Robert Reckliss (yes that is his name) is seemingly just another Englishman in New York. He and his wife Katherine originally met at Cambridge, at the same time that they both fell under the spell of the mercurial Adam - who has continued to appear and disappear from their lives since their school days.

When Robert receives what seems to be a simple copper puzzle box, both he and Katherine assume this is just another one of Adam's little practical jokes or puzzles. But that night one of Robert's acquaintances kills himself in curious circumstances and the existence of an arcane weapon that could wipe the Western world from the face of the planet is revealed. Suddenly, New York in the year 2004 is a battleground to the death between ancient forces and Robert must use his spiritual powers to overcome seven mystical trials - Earth, Water, Fire, Air, Ether, Mind and Spirit. Only then can he come face to face with evil in a disused subway station beneath City Hall and save the World from destruction.

THE MALICE BOX is definitely unusual. Set in current day New York there's a really weird combination of the arcane and the current day - New York interwoven into a plot that is sometimes told in current day language, sometimes in something more Gothic and elaborate. It has a highly complex plot combining the alchemical and the mystical, taking characters on a journey of danger and self-discovery.

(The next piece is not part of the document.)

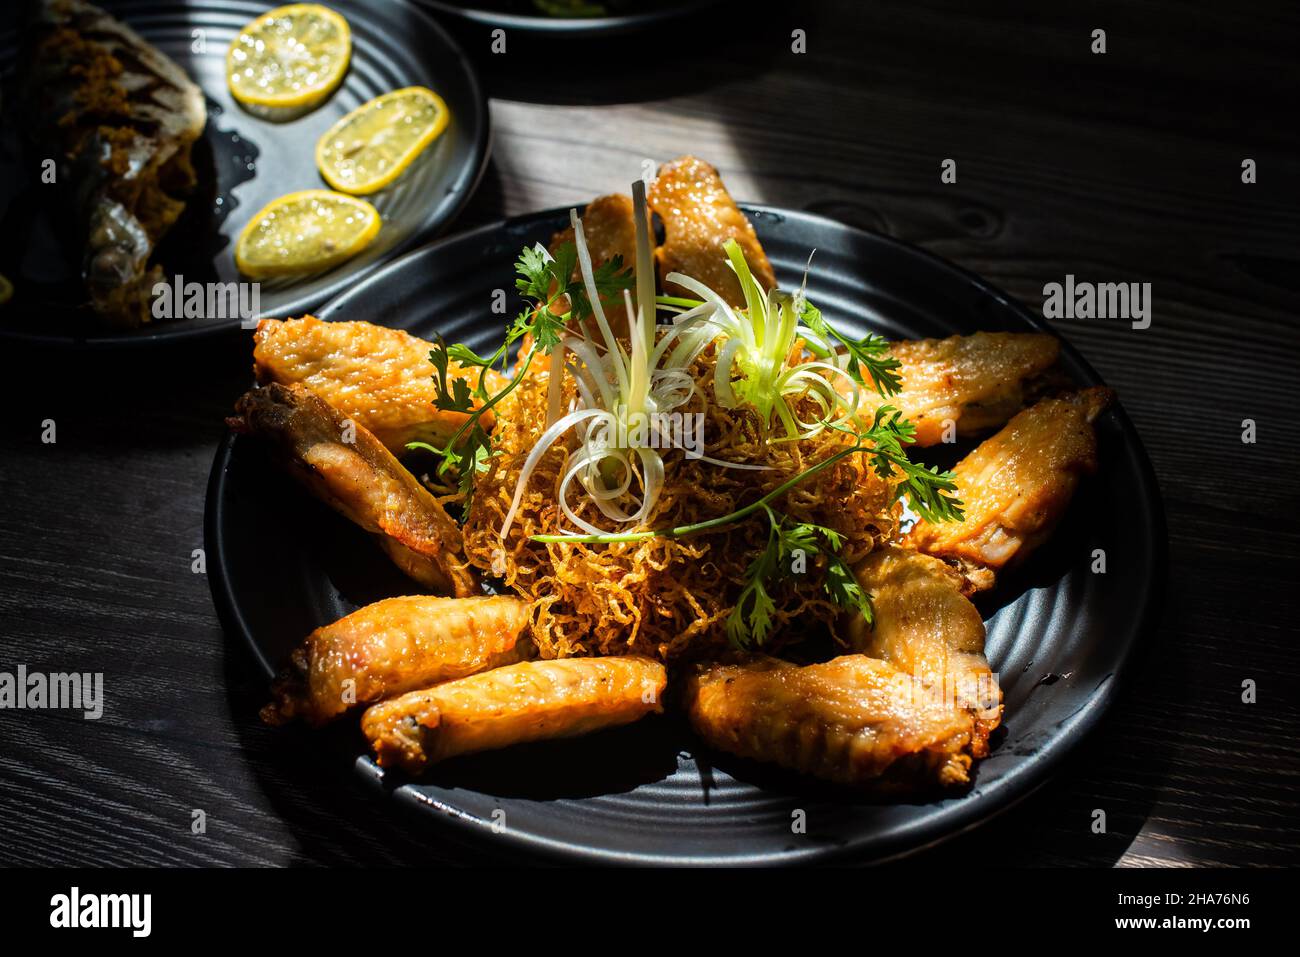 Le ali di pollo fritte con salsa di pesce è un piatto vietnamita molto speciale con ingredienti tra cui le ali di pollo, salsa di pesce e spezie, zucchero, sale... Foto Stock
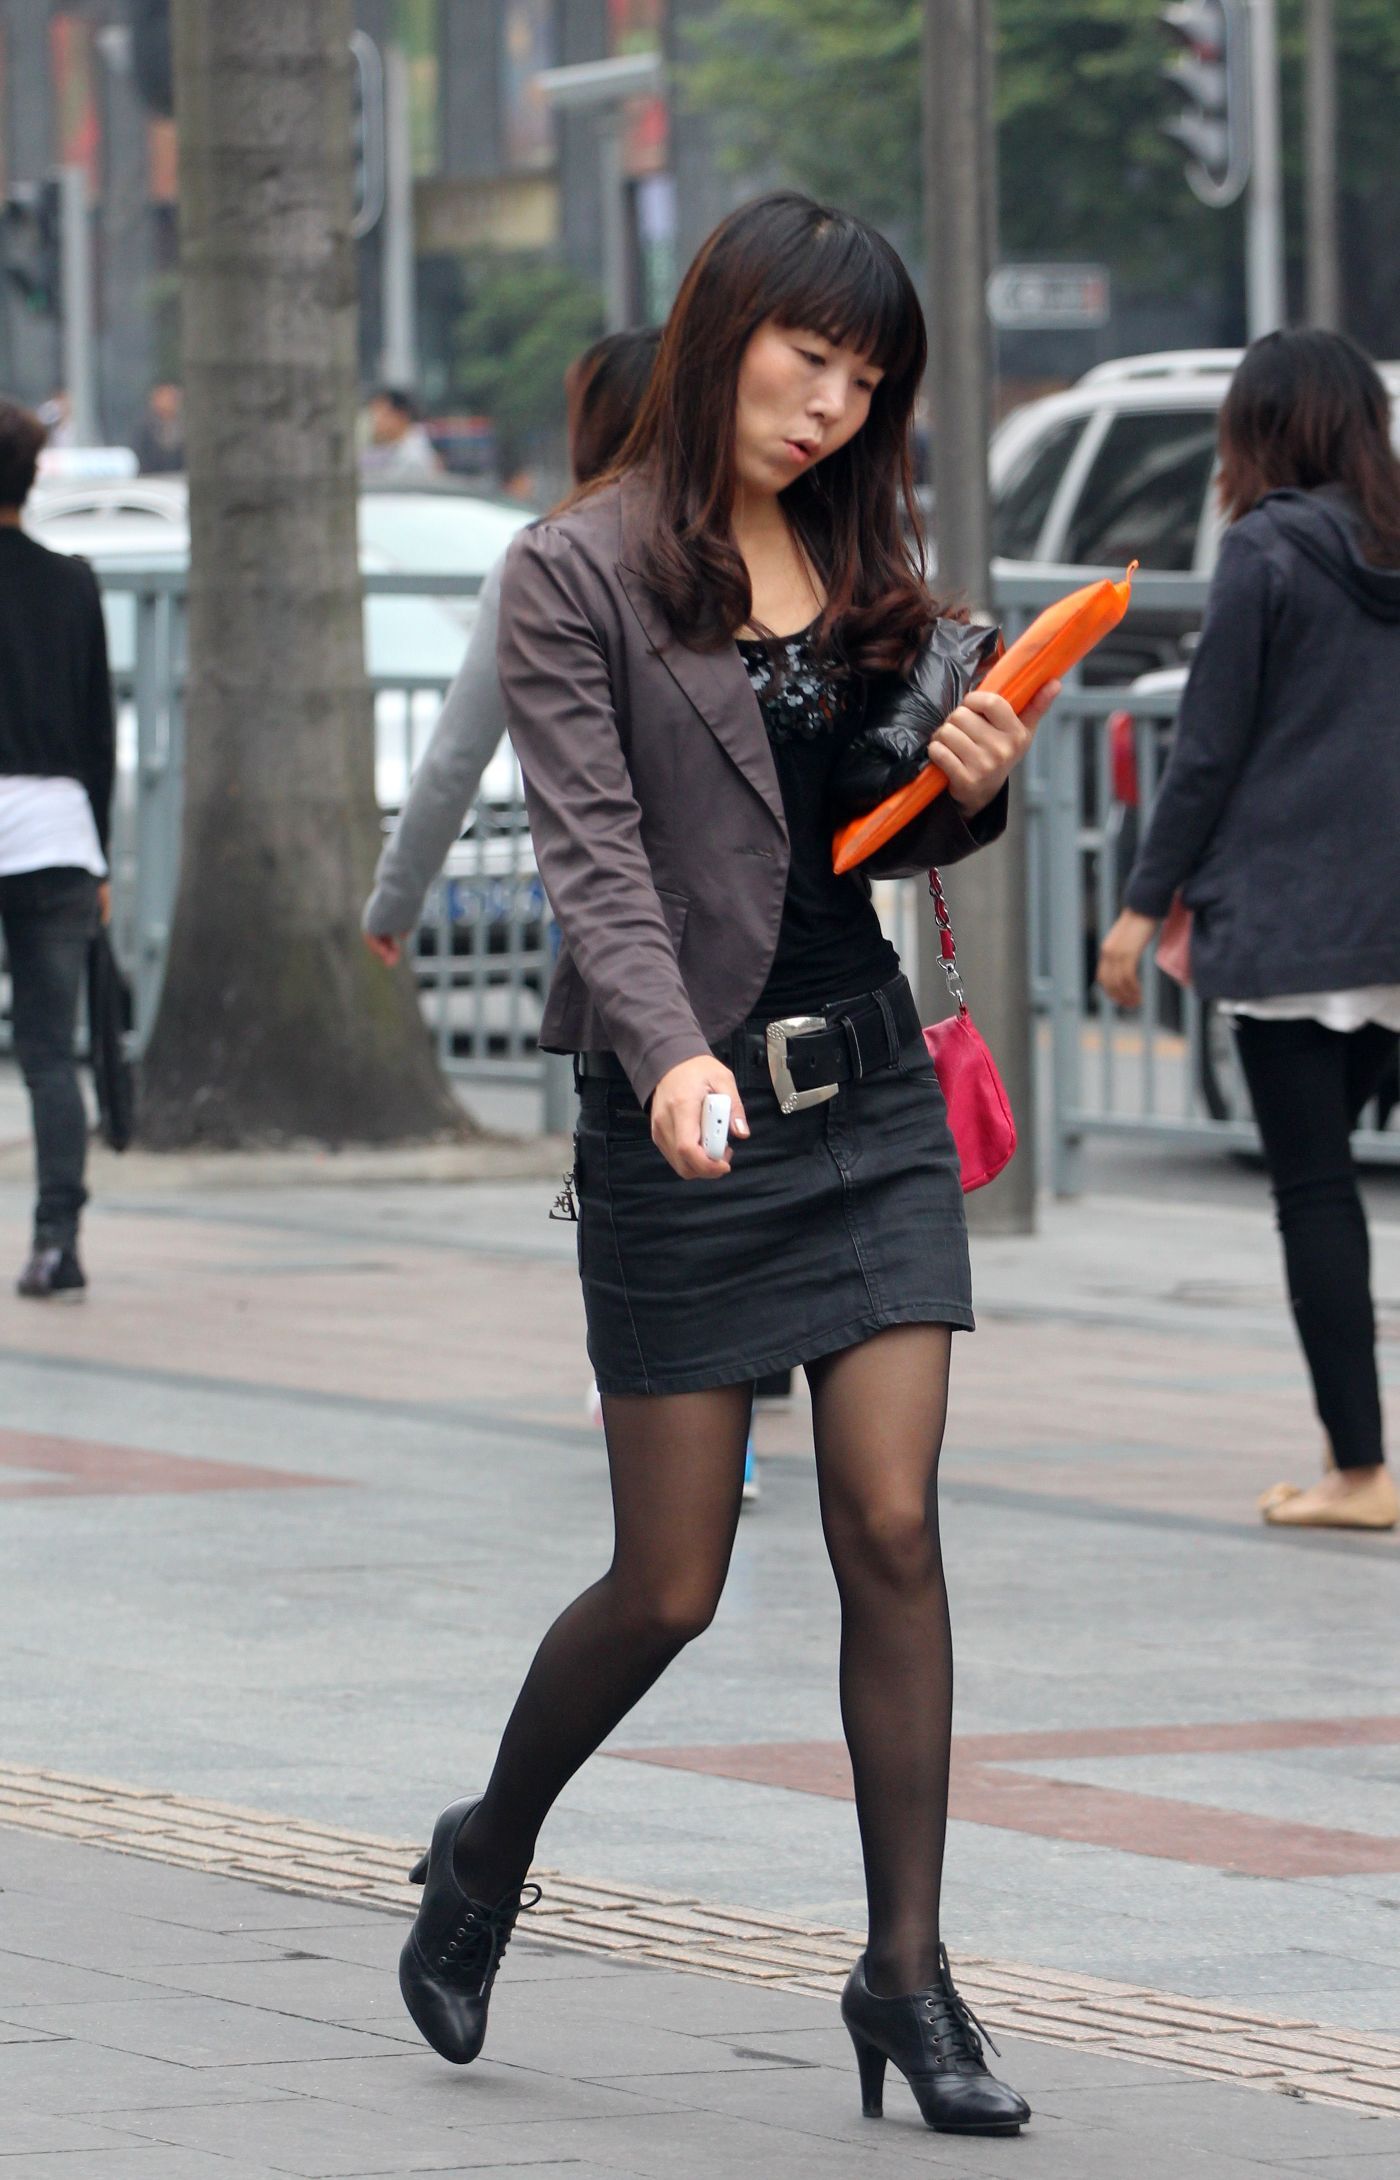 [户外街拍] 2013.12.01 短裙黑丝高跟的熟妇

Because the THE MALICE BOX is a combination of fantasy, thriller and mystery it is a different reading experience from a standard, more conventional thriller. It is also different from a lot of recent big-name thrillers in that it does have the adventure or the quest, but the characters are an important component at the same time. The fantastical aspects of THE MALICE BOX will require an acceptance of the unexpected and the other-worldly which is not going to appeal to all readers. The combination of the styles of language - the gothic and the everyday is also obvious at points in the book - not necessarily completely off-putting, but unusual enough to stand out.

The online game at http://www.maliceboxquest.com/ is still running, although the prize competition is resolved. Playing the game adds a level of interest and multi-media experience that could just be that little something different that you're looking for.